The strategies you teach about search engine literacy might be out of date
In a recent paper for the Library Journal, Francesca Tripodi, joined by Jade Angelique Stevenson, Rachel Slama, and Justin Reich, built and tested search literacy interventions for librarians. Using ethnographic methods on libraries on Montana, Tripodi and her coathors explore the difficulties librarians face on the frontlines of the fight against disinformation. The librarians they spoke with argue that improving search engine literacy requires building trusting relationships with patrons. Additionally, Tripodi and her colleagues offer the following search literacy tips for librarians, teachers, and anyone else educating others to combat misinformation:
- Use Wikipedia as a starting point. People who use Wikipedia find better answers with greater accuracy in less time than people who don’t.
- Don’t judge a site based on its URL. Some .com sites are reliable and some .org sites are misleading! In addition, plenty of nonprofits produce untrustworthy information.
- Don’t trust website appearance. Attractive websites don’t always mean high quality information; plain websites are sometimes accurate and helpful
- Use lateral reading strategies. The best way to check the quality of a website is by leaving that website. Many people verify sources vertically, by reading About pages and checking the links provided by that website. In contrast, best practice is to distrust your own ability to verify quality of the source and see what others are saying about it across websites (i.e., “lateral reading”).

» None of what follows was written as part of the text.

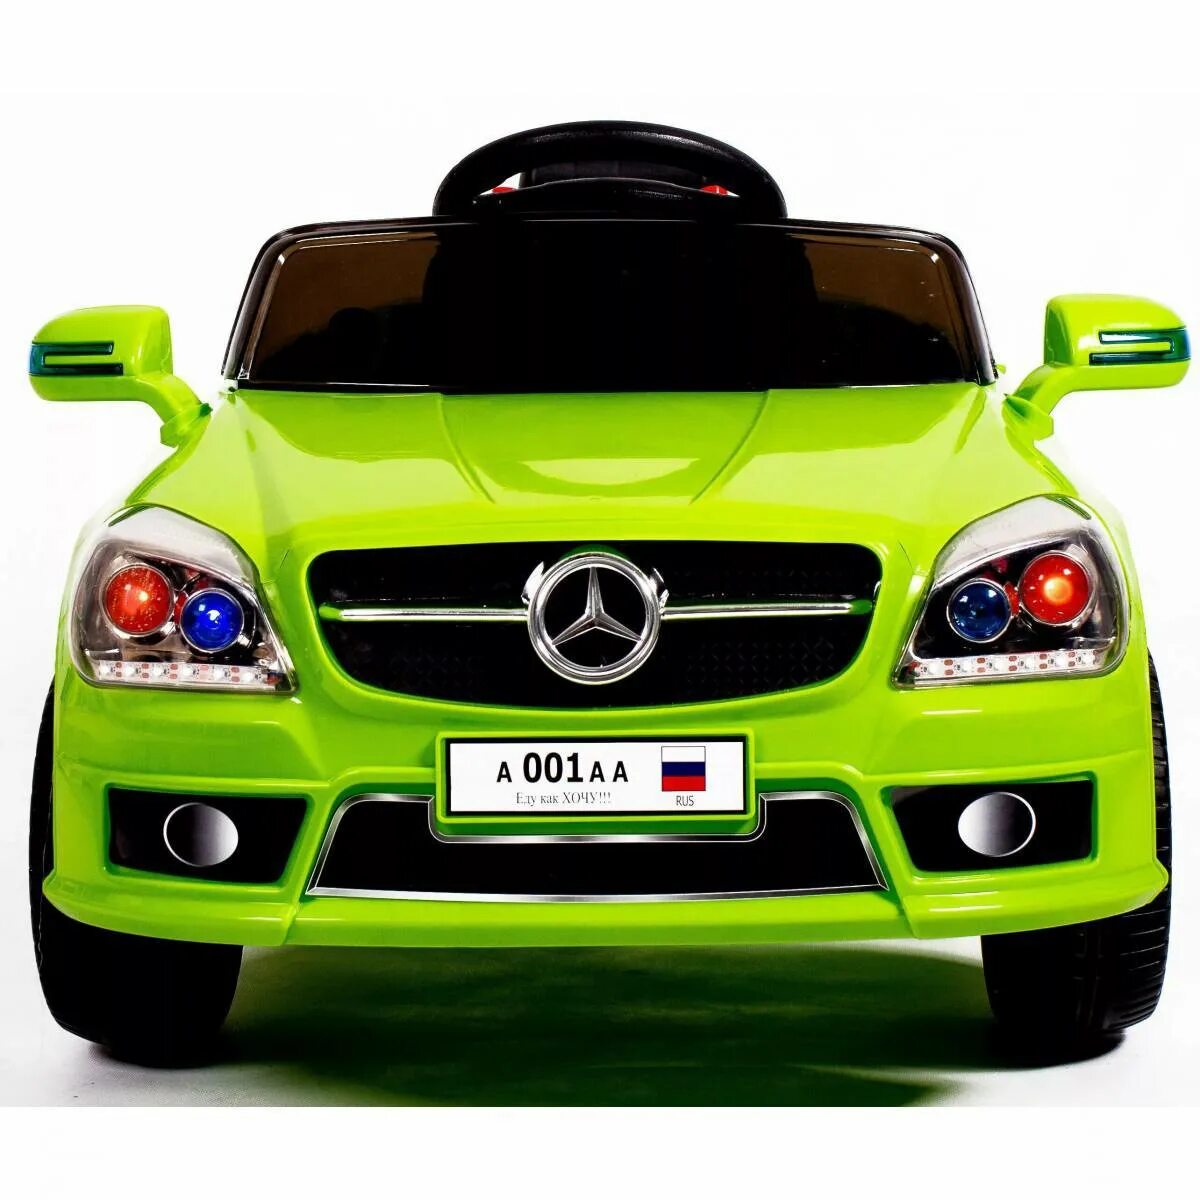 Автомобиль для детей. Детская машина. Зеленая машина для детей. Машины картинки для детей цветные.

In addition, this paper provides the following insights for policy makers and technology professionals:
- Trust ethnographic research methods. People routinely misreport their search practices, so ethnographic methods provide insight to instructional designers and UX professionals on how the technological affordances and platform design shape information-gathering practices.
- Consider mobile first. In rural areas where broadband is limited, people increasingly rely on their phones for information. Mobile designs can shape search practices.
- Create a budget for training resources. Instructional resources for librarians will pay dividends in the fight against mis/disinformation
Facebook and Google are the central players in digital political advertising – and they’re hardly neutral content platforms
Previous research has found that digital advertising companies such as Facebook and Google function similarly to political consultants, influencing the messaging choices of political clients. This paper situates those insights in the theory of parties as extended networks and presents the first quantitative descriptive analysis of all companies that have provided federal political committees with digital advertising services in national elections. Network analysis measures of political groups registered with the Federal Election Committee in the United States (n = 2,064) and the types of companies they hired for digital political advertising services (political agencies, commercial agencies, digital advertising platforms, or other; n = 1,022) over three midterm and general elections (2006–2016) show that the number of political committees and companies have both dramatically increased since 2008 and that Facebook and Google have become the two most central members of the network. As influencers of the targeting and content of campaign messages, these companies should be considered consequential members of electoral party 0networks. This study contributes to research on political consulting and to the theory of parties as extended networks by demonstrating how opening the inclusion criteria for subject selection can uncover unexpected players, such as the private, previously considered nonpartisan, nonpolitical companies present here.
Media literacy can sometimes spread disinformation - with a little help from search engine algorithms
The Propagandists’ Playbook peels back the layers of the right-wing media manipulation machine to reveal why its strategies are so effective and pervasive, while also humanizing the people whose worldviews and media practices conservatism embodies. Based on interviews and ethnographic observations of two Republican groups over the course of the 2017 Virginia gubernatorial race—including the author’s firsthand experience of the 2017 Unite the Right rally—the book considers how Google algorithms, YouTube playlists, pundits, and politicians can manipulate audiences, reaffirm beliefs, and expose audiences to more extremist ideas, blurring the lines between reality and fiction. Francesca Tripodi argues that conservatives who embody the Christian worldview give authoritative weight to original texts and interrogate the media using the same tools taught to them in Bible study—for example, using Google to “fact check” the news. The result of this practice, tied to conservative marketing tactics, is more than a reaffirmation of existing beliefs: it is a radicalization of content and a changing of narratives adopted by the media. Tripodi also demonstrates the pervasiveness of white supremacy in the conservative media ecosystem, as well as its mainstream appeal, scope, and spread.